Sean Knox, Frostburg State University, Biology, “Migration Chronology of Waterfowl and Associated Wetland Food Production at Great Swamp National Wildlife Refuge, Morris County, New Jersey”, $728 (MS)
Waterfowl rely on a long line of stopover sites during migration between their wintering and breeding grounds. Along with naturally occurring wetlands, managed wetlands serve as valuable locations where waterfowl can rest and feed. To effectively manage wetlands for certain waterfowl species, knowledge of area-specific migration trends and wetland food production is key. This study will document the waterfowl migration chronology and associated food production of five managed freshwater wetlands located within Great Swamp National Wildlife Refuge, Morris County, New Jersey. To determine migration chronology, weekly ground surveys will be conducted in the spring and fall of 2015 and 2016 using protocols based on the Integrated Waterbird Management and Monitoring Program for the North Atlantic Region.

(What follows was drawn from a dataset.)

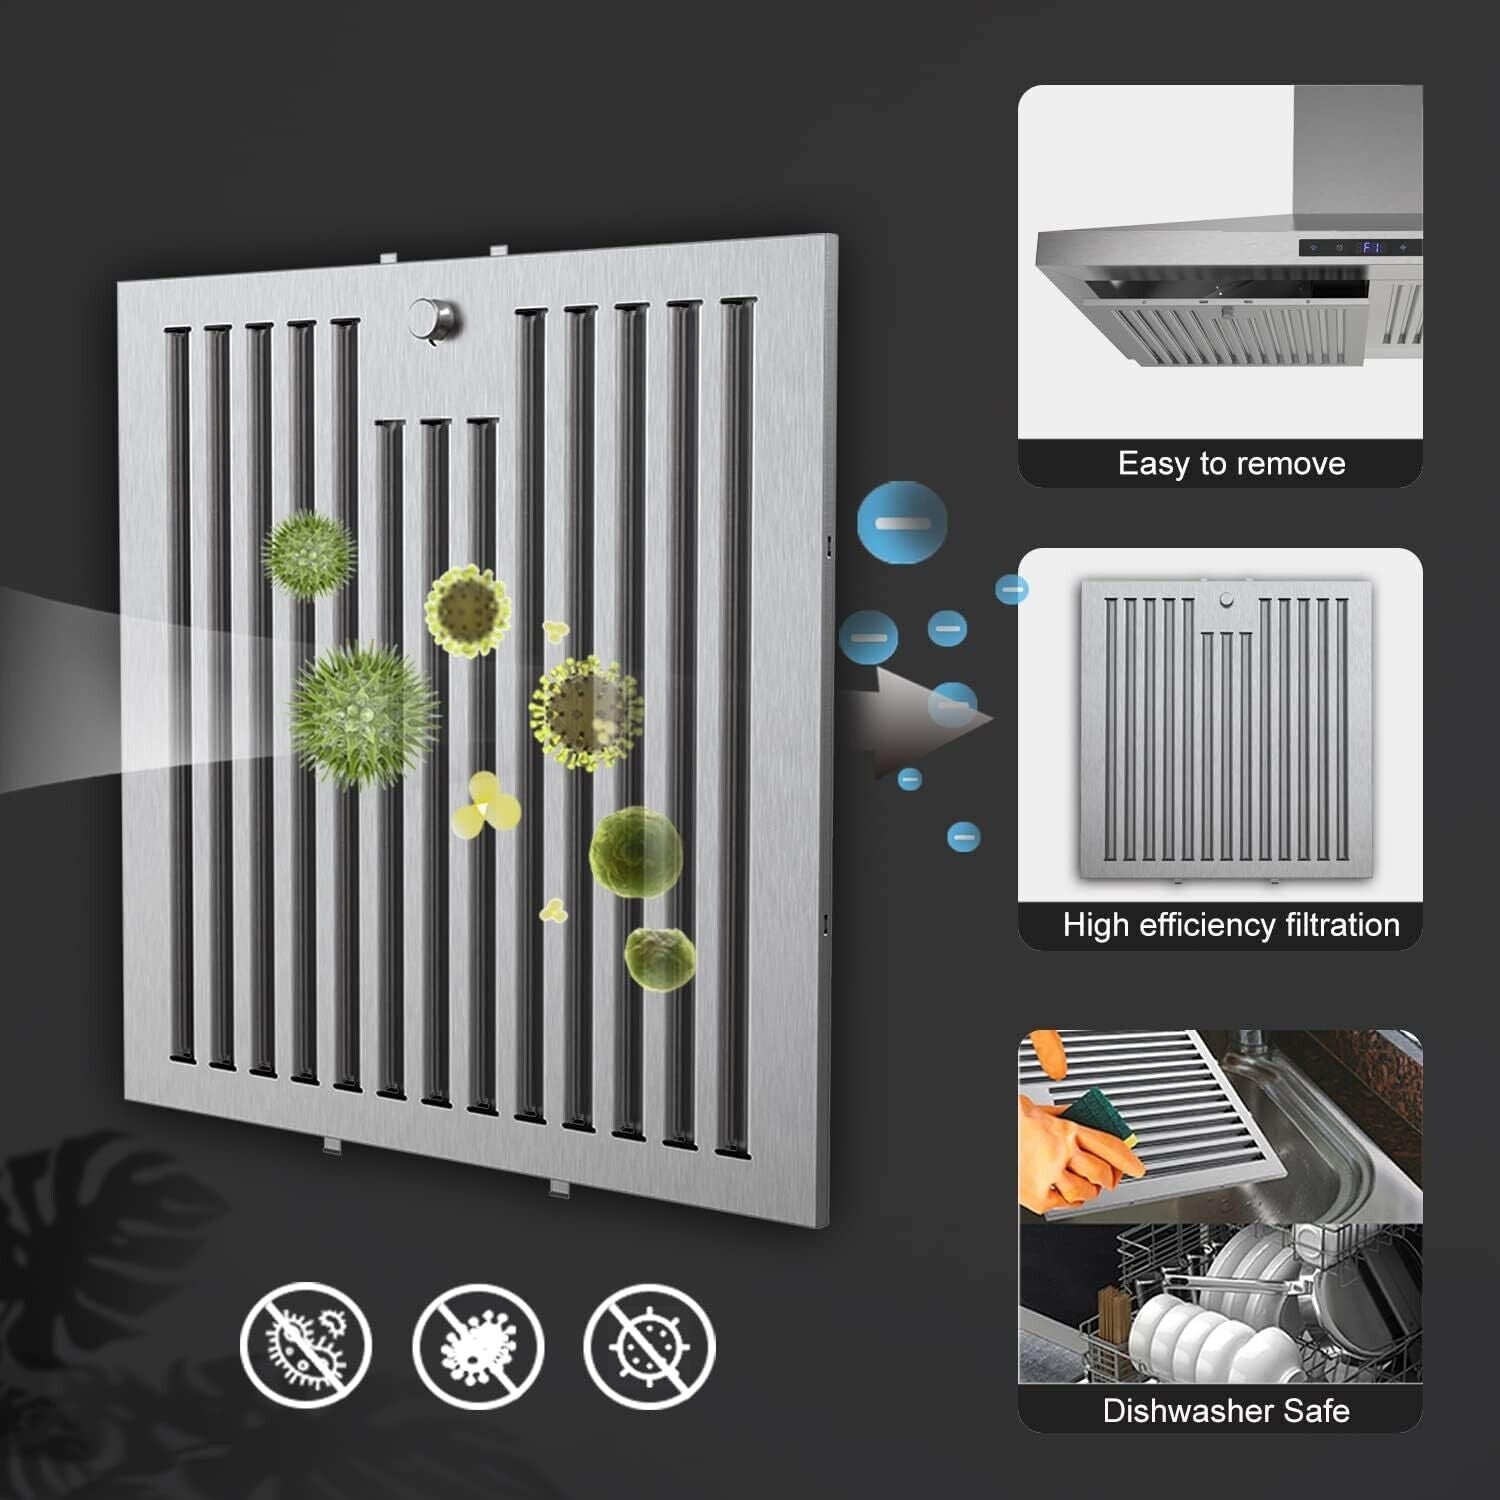 Tieasy 36in Wall Mount Hood Stainless Steel Kitchen Stove Vent 700CFM 3-Speed Fan - 1090

To quantify waterfowl food production, spring and fall sampling will be conducted immediately prior to the arrival of migrating waterfowl, with 20 sampling sites allocated within each wetland. Spring sampling will consist of aquatic invertebrates and belowground seeds, while fall sampling will add in aboveground seeds, tubers, and submerged aquatic vegetation present at each sampling site. Once completed, data will serve as a baseline reference for the Refuge, and will assist Refuge staff in managing wetlands to support the greatest diversity of migrating waterfowl.
Sean M. Lee, George Washington University, Center for the Advanced Study of Human Paleobiology, “Trade-offs between social & physical development in wild bonobos (Pan paniscus)”, Republic of Congo, $ 2200 (PhD)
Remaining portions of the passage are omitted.